We have substantial evidence that SR applied to the plantar surface of the feet improves sway parameters during quiet standing and spatiotemporal gait parameters during walking in elderly people, people with somatosensory deficits, and healthy, young individuals. In parallel, we have seen substantial engineering effort put into the sensory improvement devices. They have evolved from bulky static gel insoles to a form factor modeled after a standard three-quarter-length insole device. Despite the research promise and device development, additional research questions remain, and a fine-tuning of the device design is needed to bring this technology to the clinic or sports equipment store.
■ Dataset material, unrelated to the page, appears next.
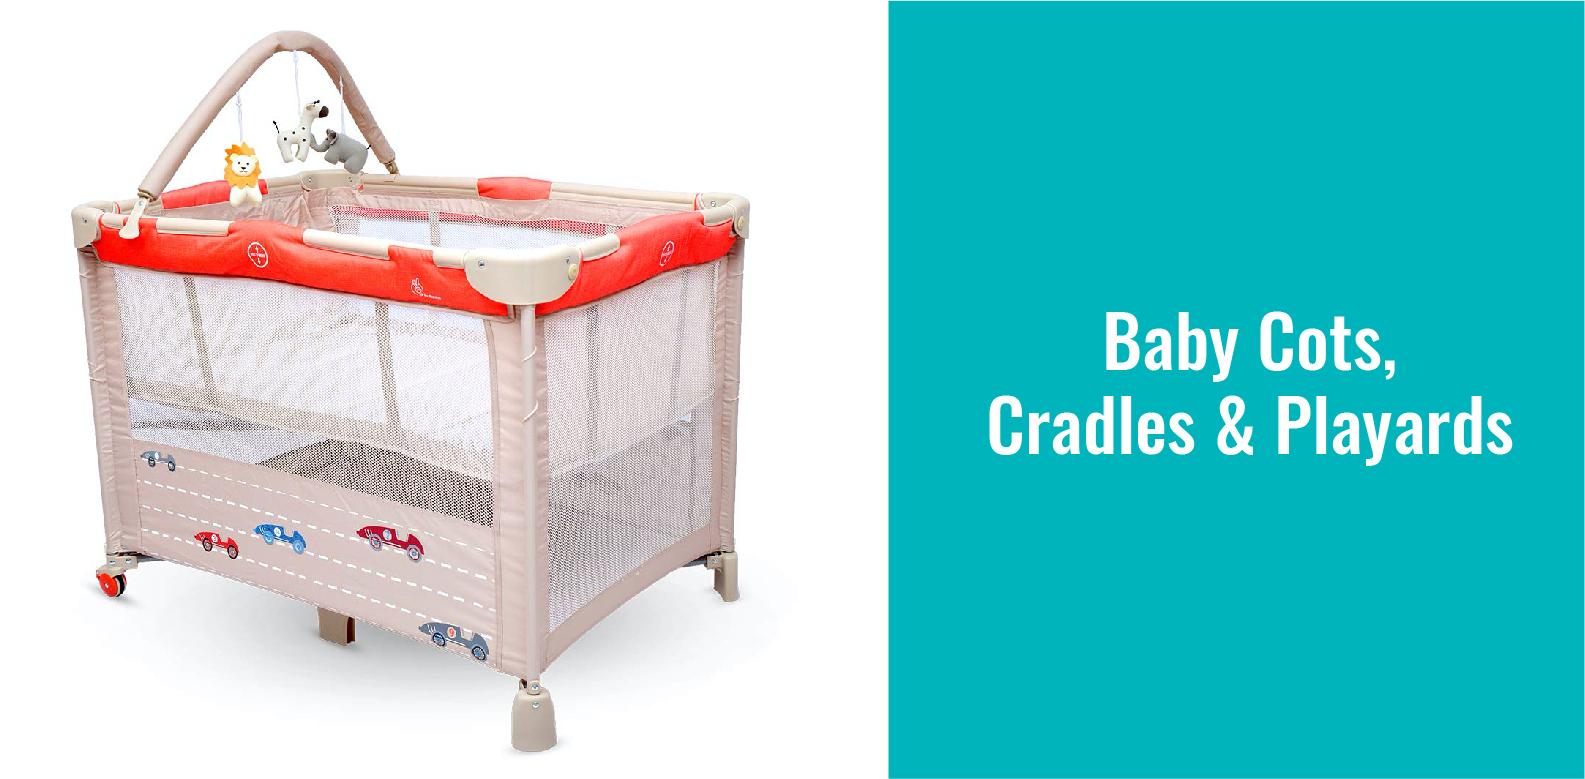 Baby Cots, Cradles & Playards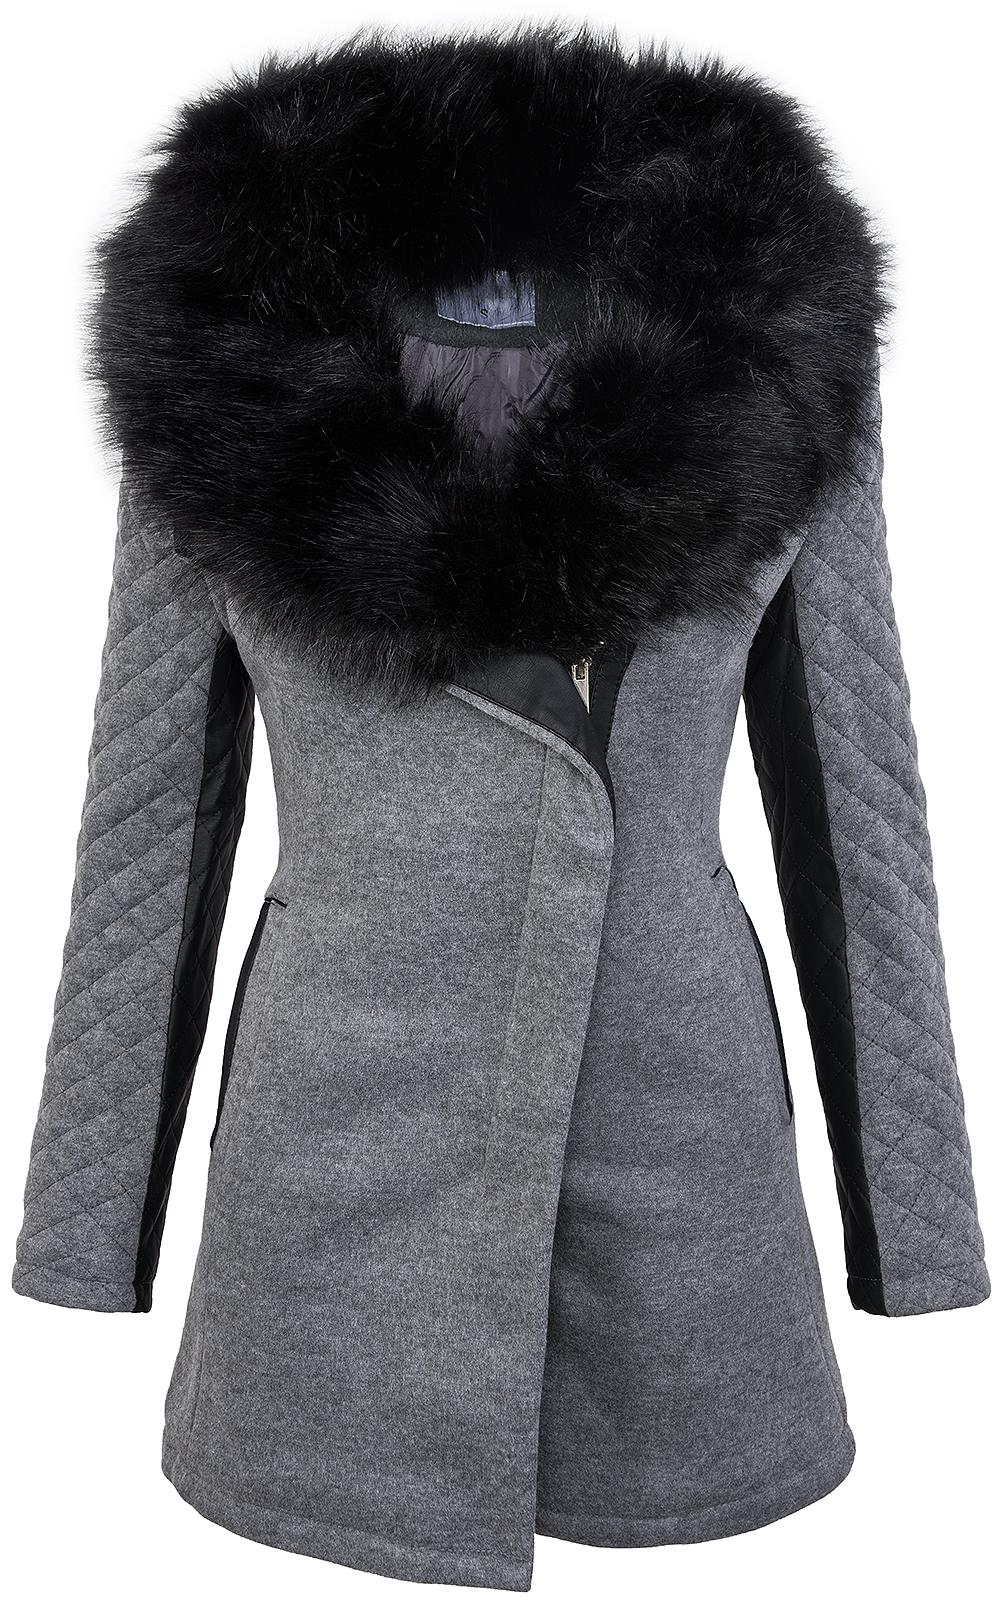 Damen designer winter jacke schwarzer fellkragen jacke mantel wintermantel d 234 - Schwarzer wintermantel damen ...

From a research standpoint, questions about the longevity of beneficial effects as well as the amplitude range of subthreshold stimulation, still remain. Each study mentioned in this review used a level 10% below each participant’s sensory perception threshold. However, would 15% or even 30% below the threshold still provide the desired effect? It is also unclear if the sensory benefits are acute or persist over a long duration. Furthermore, not much is known about how stable an individual’s sensory perception threshold is. Does the threshold vary throughout the day or over the course of multiple days? Most important, all of the research to date has been limited to measurements quantifying sway and spatiotemporal gait parameters. These metrics are associated with falling and injury risk, but it is still unclear if SR technology will translate to actual reductions in falls and injury rates among at-risk elderly people, patients with sensory deficits, athletes, or military personnel.
Some of these questions have been addressed in a recent study from Lipsitz and colleagues, who tracked a small group of elderly persons using the shoe-mounted three-quarter-length insoles (shown in Figure 2C).20 The investigators sought to determine whether the balance and gait improvements would persist throughout a day, whether sensory thresholds were consistent, and whether different levels of SR could still achieve the same beneficial effect.
The study provided strong evidence that individual sensory perception thresholds are relatively stable and that SR technology is not an acute phenomenon. Furthermore, SR levels set at 15% and 30% below the perception threshold were equal to each other in effectiveness. These findings suggest SR is not an acute phenomenon, and greatly simplify setting the subsensory threshold stimulation level of a future, commercially available device.
The future of SR devices
From a device development standpoint, recent advancements in battery, charging, and microelectronic technology could make a self-contained insole device possible in the near future. A device similar to the prototype shown in Figure 2D could contain the vibrating elements, battery, and electronics that charge the device wirelessly and allow it to communicate with a computer or smartphone. Such a device would appear indistinguishable from the replacement insoles found on drugstore shelves and sports equipment stores.
Most important, this device could be deployed in large clinical studies to establish a direct link between SR and injury risk in people with sensory deficits as well as in healthy individuals. The hope is that, soon, people will be able to come to the clinic or store, have their sensory threshold determined, and then be fitted with a device that improves their sensation with just a little bit of noise.
Daniel Miranda, PhD, is a technology development fellow; Wen-Hao Hsu, ScD, is a postdoctoral research fellow; and James Niemi, MS, is a lead senior staff engineer at the Wyss Institute at Harvard University in Boston.